### Records shown
──────────────────────────────

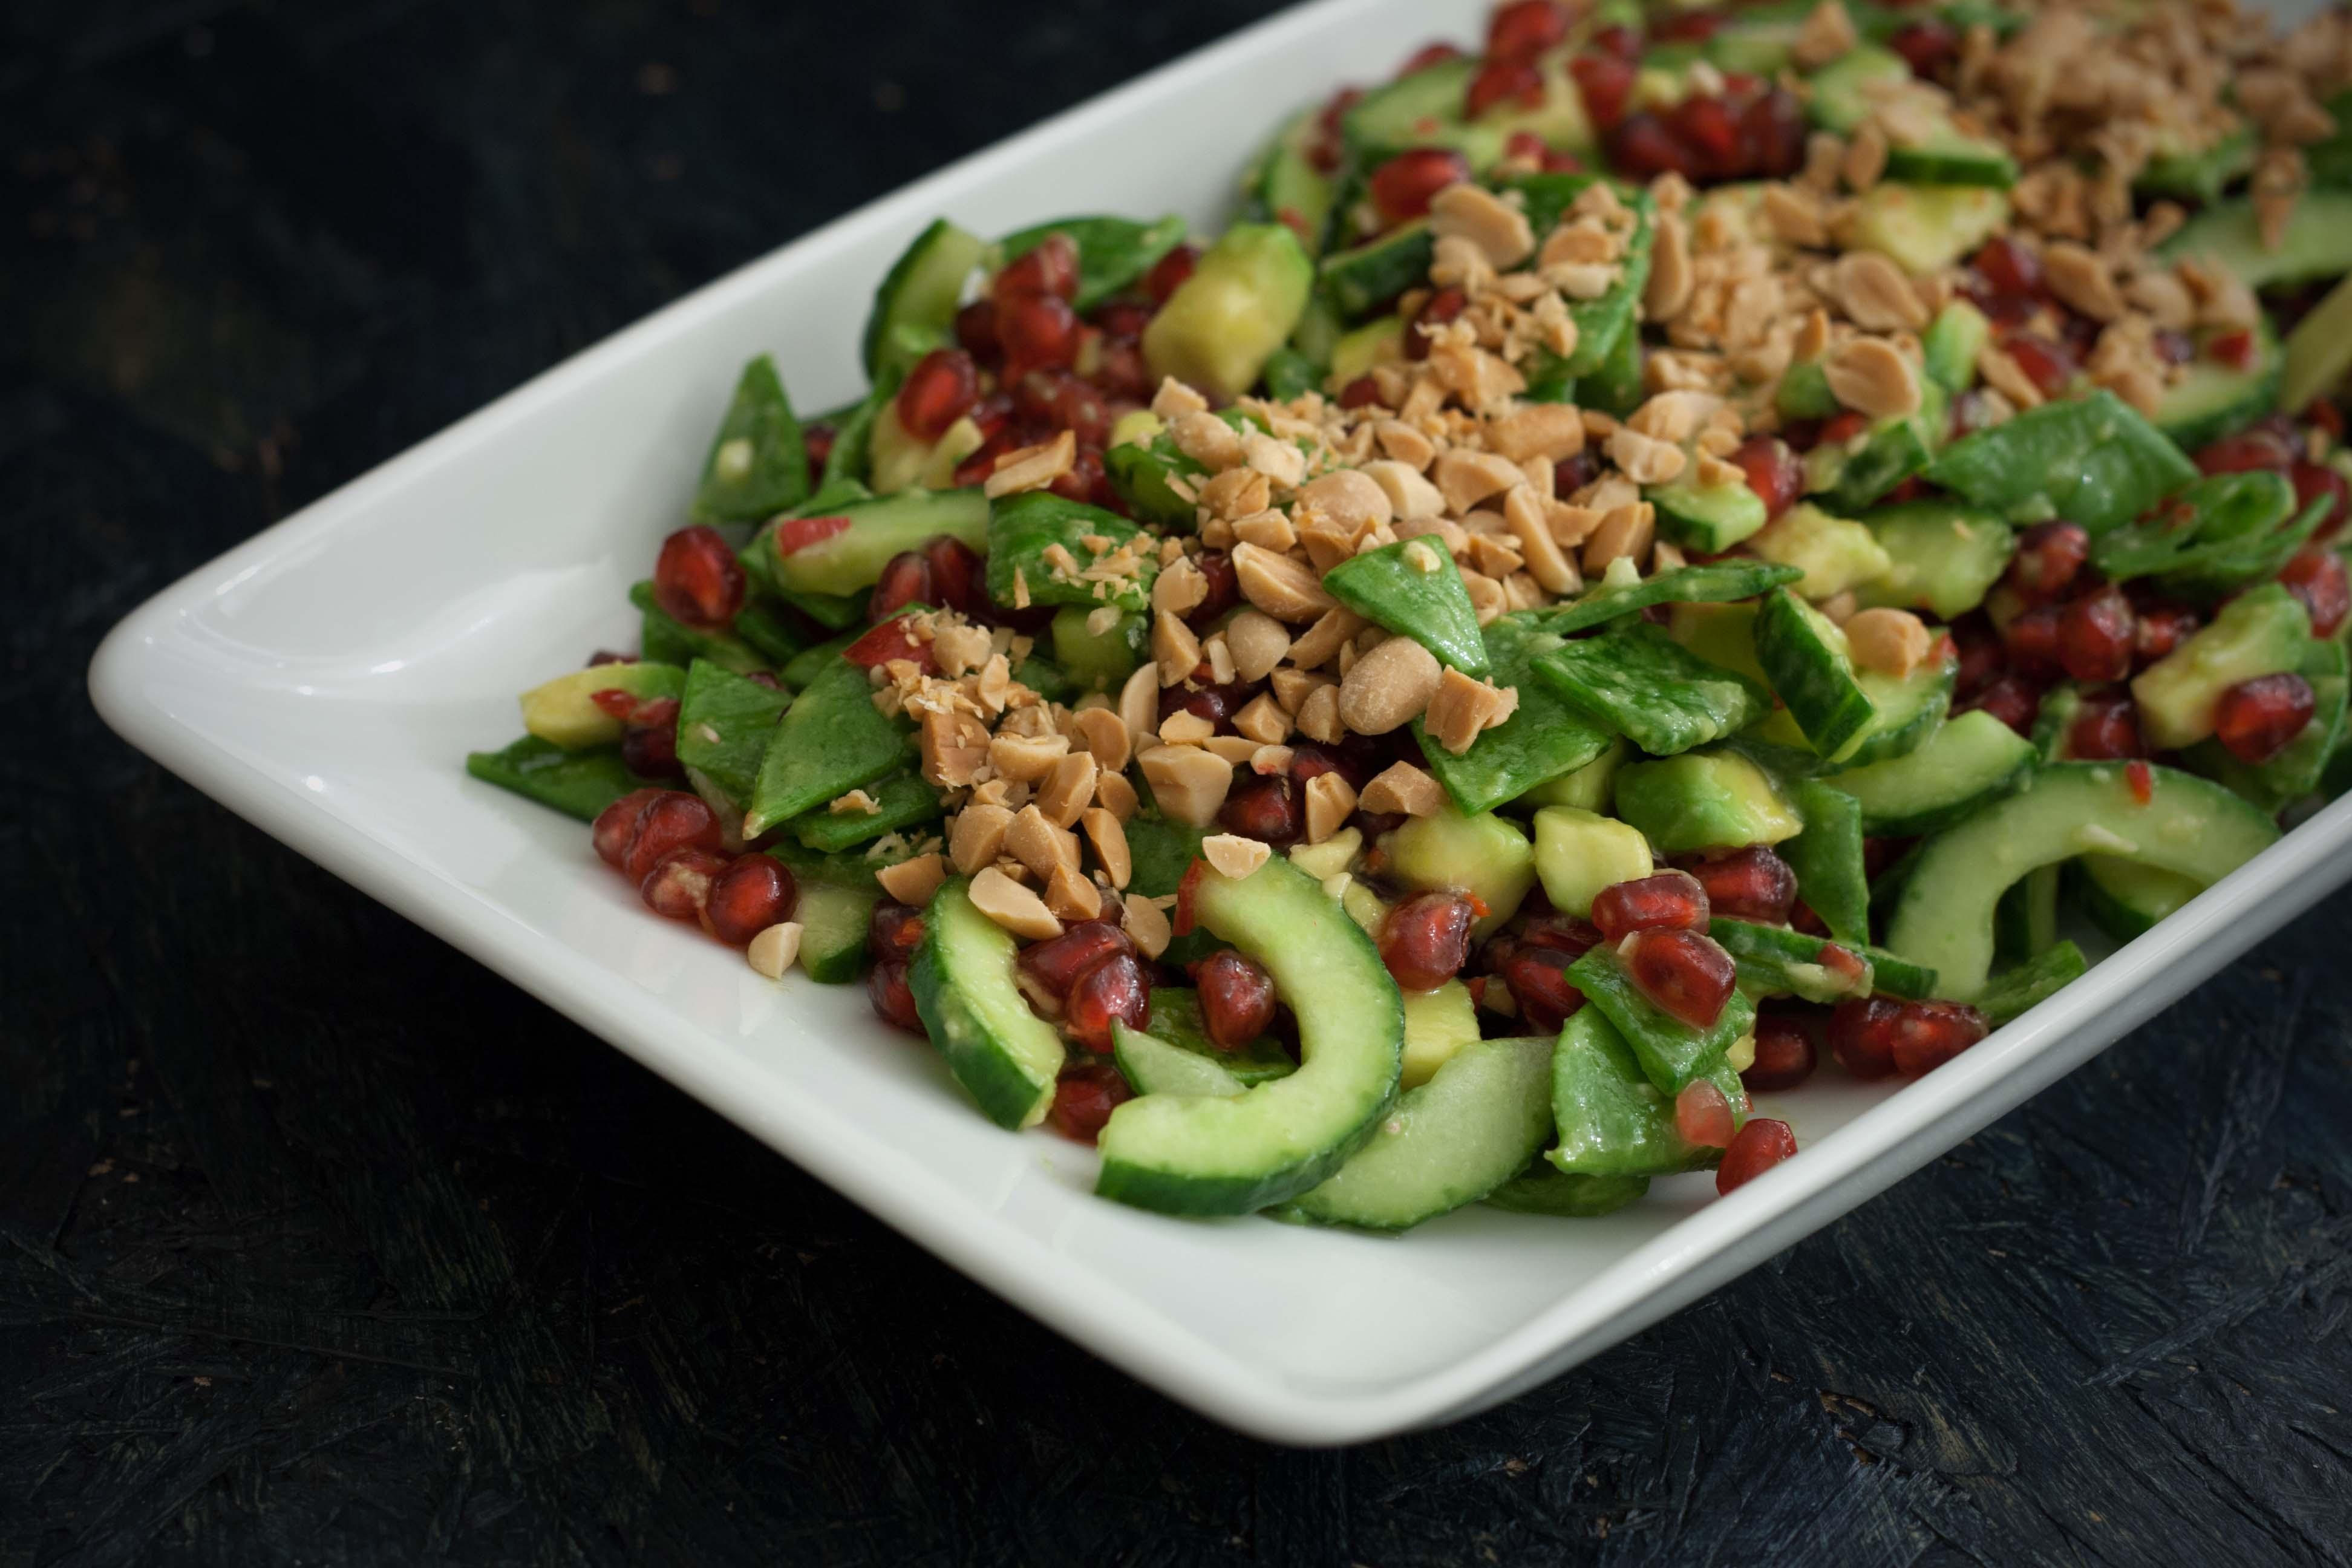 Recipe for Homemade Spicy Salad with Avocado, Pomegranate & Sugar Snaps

──────────────────────────────

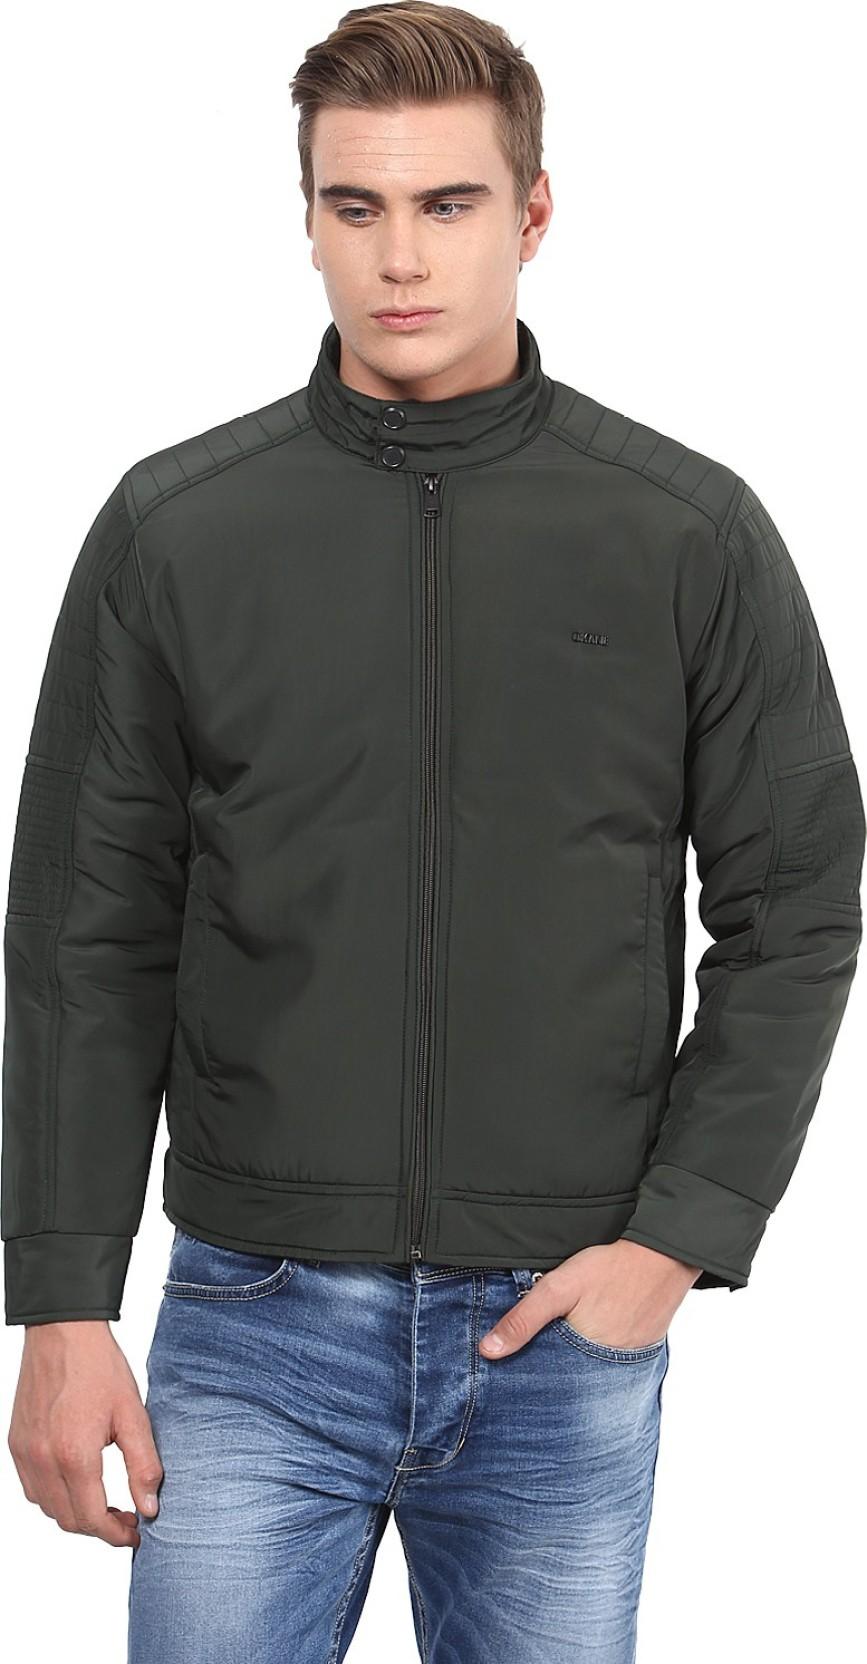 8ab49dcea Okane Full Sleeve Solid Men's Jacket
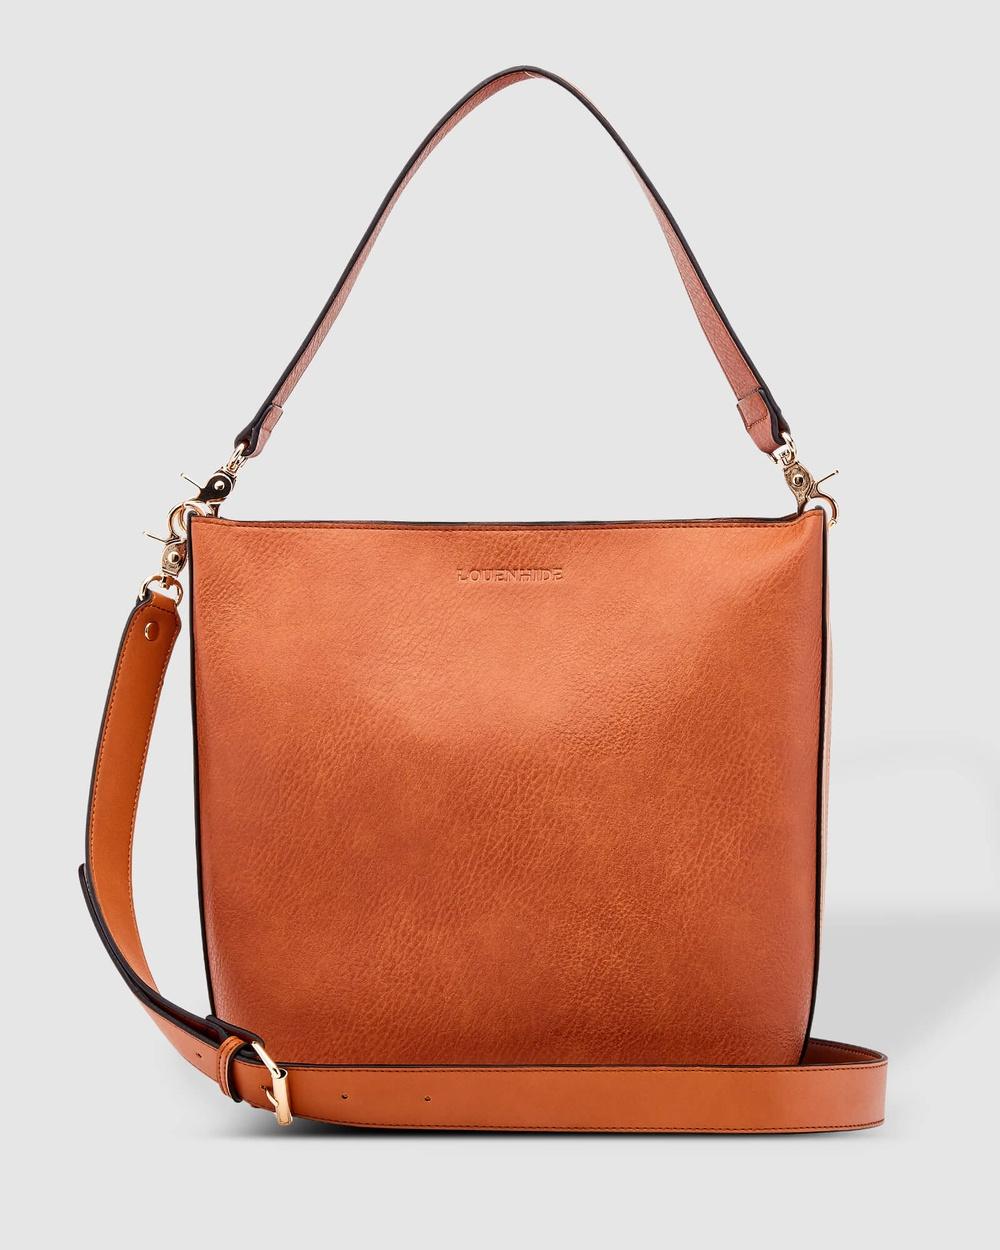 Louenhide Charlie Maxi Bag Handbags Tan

──────────────────────────────

### Work order
Although the records above contain pictures, the copy must not; set down exactly the lines from the one with "8ab49dcea Okane Full" up to and including the one with "Louenhide Charlie Maxi Bag Handbags Tan".

### Expected answer
 8ab49dcea Okane Full Sleeve Solid Men's Jacket
 Louenhide Charlie Maxi Bag Handbags Tan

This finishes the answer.